### Given records
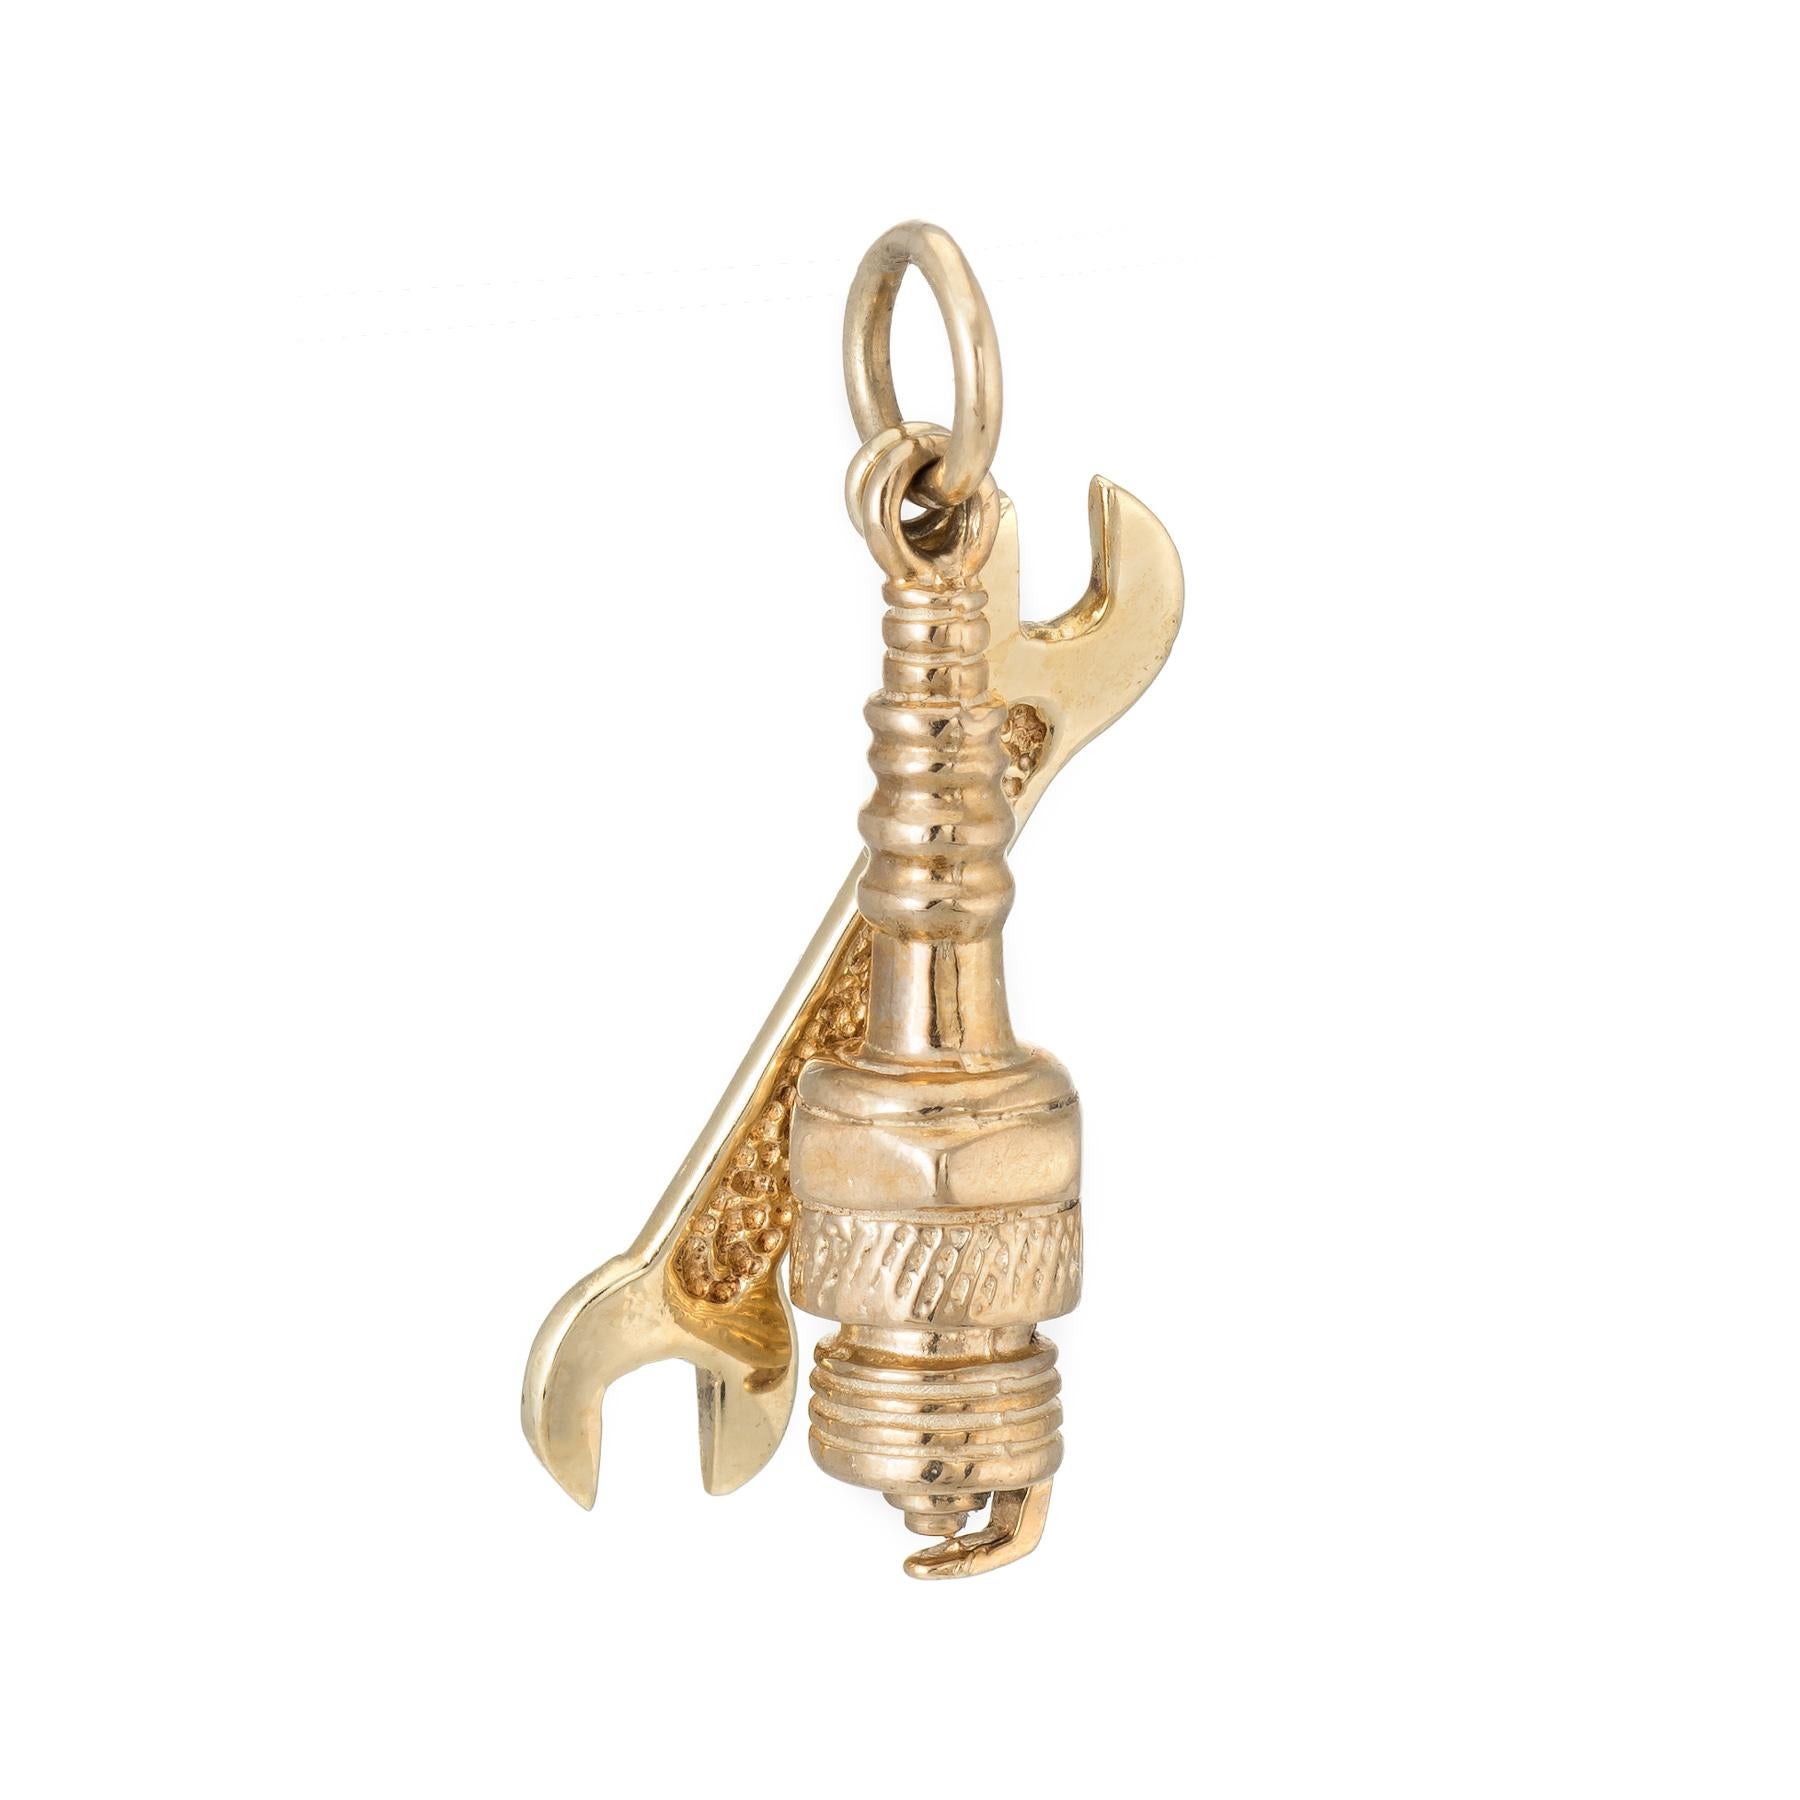 Finely detailed pair of charms, crafted in 10k yellow gold. 

A wrench and a sparkplug are rendered in lifelike detail. 

The charms are in excellent original condition.

Particulars:

Weight: 4.4 grams

Stones: N/A.

Size & Measurements: The charms

### Exercise brief
In the copy, include no pictures; transcribe every record above verbatim.

### Written answer
 Finely detailed pair of charms, crafted in 10k yellow gold. 

A wrench and a sparkplug are rendered in lifelike detail. 

The charms are in excellent original condition.

Particulars:

Weight: 4.4 grams

Stones: N/A.

Size & Measurements: The charms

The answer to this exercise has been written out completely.